Hypothesis Test for M&M Color Identification
A person claims they can determine the color of M&M candies by taste alone. In a controlled experiment, they correctly identify the color in 40 out of 100 trials. Suppose there are 5 equally common colors, so random guessing gives a success rate of $p_0 = 1/5 = 0.2$.
- Formulate a hypothesis test to evaluate whether the person performs significantly better than random guessing.
- Compute the test statistic and p-value using a normal approximation.
- State your conclusion at significance level $\alpha = 0.05$.
Hints
- Under random guessing with 5 colors, the success probability is $p_0 = 0.2$. Set up a one-sided test: $H_0: p = 0.2$ vs $H_a: p > 0.2$.
- Use the normal approximation to the binomial.

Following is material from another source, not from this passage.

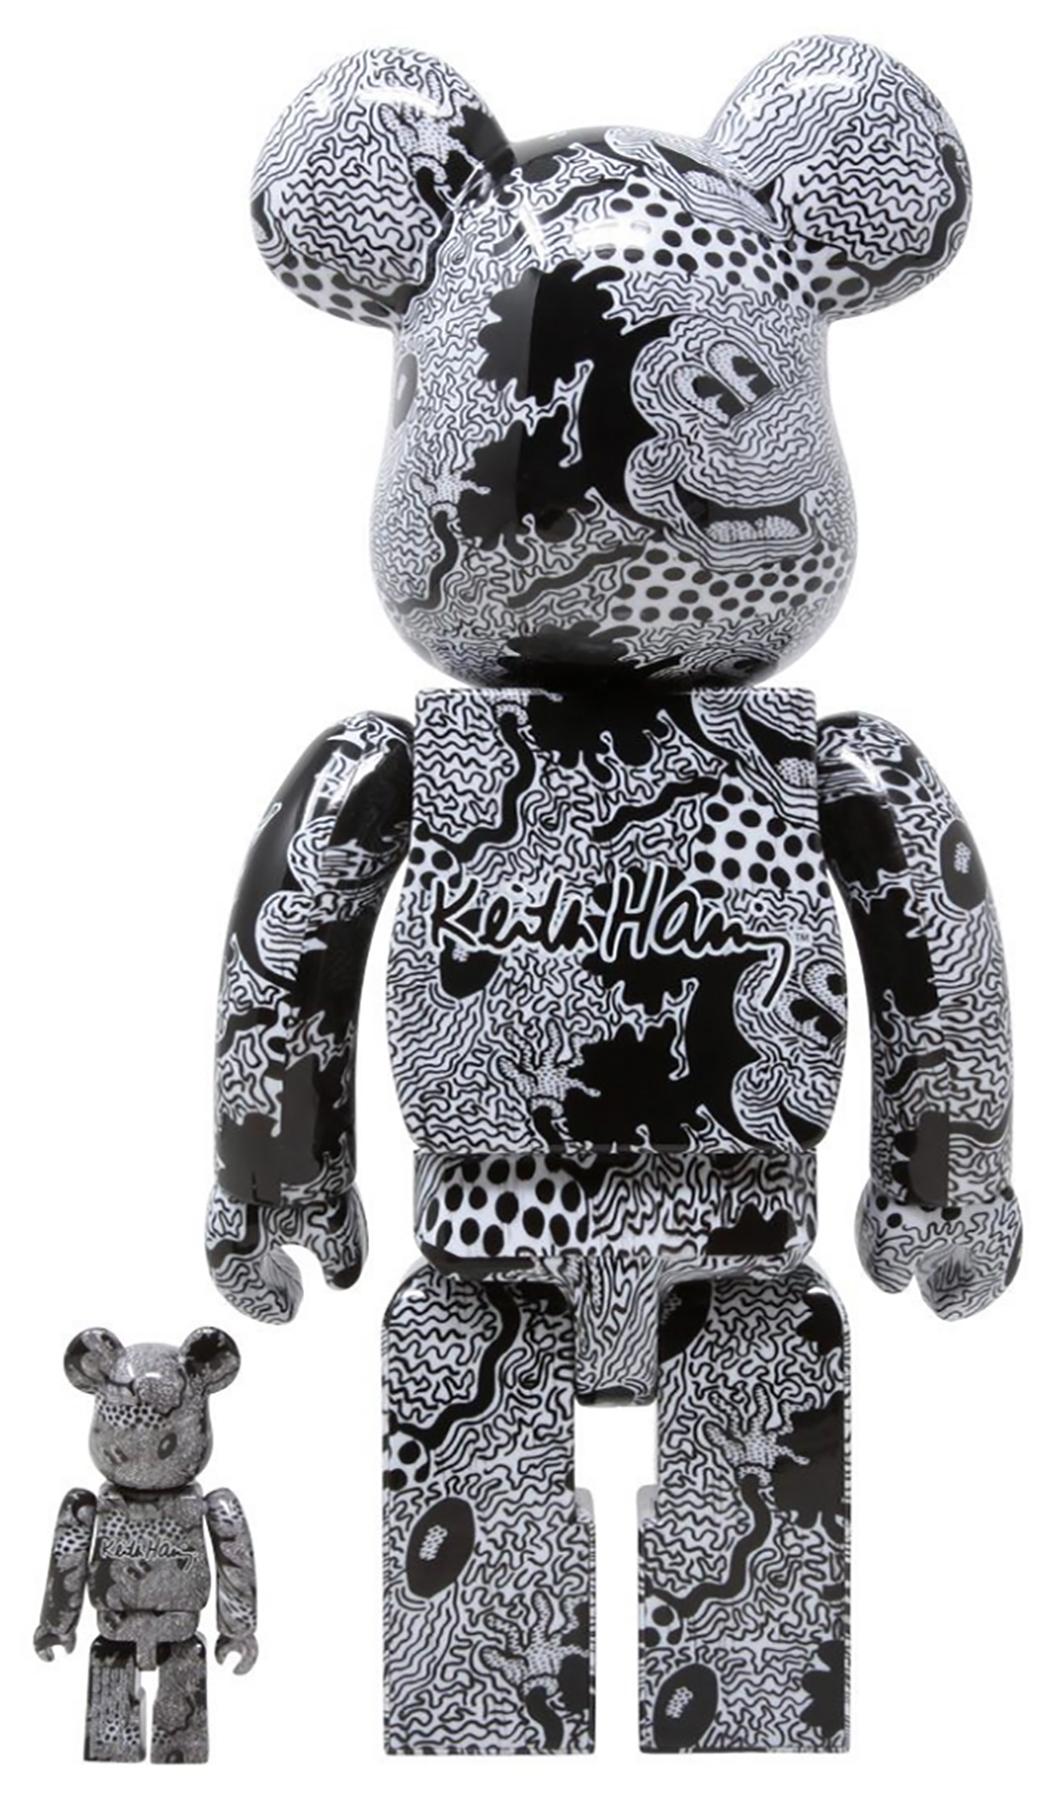 Keith Haring Bearbrick 400 % Figur (Haring Mickey Mouse BE@RBRICK) (Zeitgenössisch), Print, von (after) Keith Haring

Under $H_0$, the mean is $np_0 = 20$ and the standard deviation is $\sqrt{np_0(1-p_0)} = 4$. Compute the z-score.
- The z-score is $(40 - 20)/4 = 5.0$. Anything above $z = 1.645$ rejects at $\alpha = 0.05$. Five sigma is far beyond any reasonable threshold.
Worked Solution
How to Think About It: This is a textbook one-sided binomial test. The person got 40 out of 100 correct. Under random guessing, you would expect 20 correct. Is 40 far enough from 20 to be convincing? Your gut should immediately say yes -- 40 is way above 20. The question is just how to formalize this. The normal approximation to the binomial gives you a z-score, and if it is large enough, you reject the null.
Quick Estimate: Under the null, $X \sim \text{Binomial}(100, 0.2)$ has mean 20 and standard deviation $\sqrt{100 \times 0.2 \times 0.8} = \sqrt{16} = 4$. The observed value of 40 is $(40 - 20)/4 = 5$ standard deviations above the mean. Five sigma is astronomically significant -- the p-value is essentially zero. No need for tables; this is a slam dunk rejection.
Approach: Formal one-sided z-test for a proportion.
Formal Solution:
Hypotheses: - $H_0$: $p = 0.2$ (person is guessing randomly) - $H_a$: $p > 0.2$ (person can distinguish colors better than chance)
Test statistic:
Under $H_0$, $X \sim \text{Binomial}(100, 0.2)$. Using the normal approximation:
$\mu_0 = np_0 = 100 \times 0.2 = 20$
$\sigma_0 = \sqrt{np_0(1-p_0)} = \sqrt{100 \times 0.2 \times 0.8} = \sqrt{16} = 4$
$z = \frac{X - \mu_0}{\sigma_0} = \frac{40 - 20}{4} = 5.0$
P-value:
$\text{p-value} = P(Z \geq 5.0) \approx 2.87 \times 10^{-7}$
This is far below any conventional significance level.
Decision: Since $\text{p-value} \ll \alpha = 0.05$ (and indeed $\ll 0.001$), we reject $H_0$.
Answer: The test statistic is $z = 5.0$ with a p-value of approximately $3 \times 10^{-7}$. We strongly reject the null hypothesis at $\alpha = 0.05$. The data provides overwhelming evidence that the person can identify M&M colors at a rate significantly better than random guessing. Their observed success rate of 40% is 5 standard deviations above the 20% null expectation.
Intuition
This problem is a warm-up for the kind of statistical thinking that comes up constantly in quant work. You observe a signal (40% success rate) and need to decide whether it is real or noise. The framework is always the same: compute the expected value under the null, compute the standard deviation under the null, and see how many sigmas the observation is from the null. Five sigma is absurdly significant -- in practice, if you see something this extreme, your first instinct should actually be to question the experimental setup, not celebrate the result.
In trading, this same logic applies to evaluating strategy performance. If a backtest shows a Sharpe ratio of 5 over a year of daily data, you should not conclude that you have found alpha -- you should conclude that there is probably a bug in your backtest. Extreme significance is often a sign of data leakage, overfitting, or a flawed null hypothesis, not of genuine predictive power.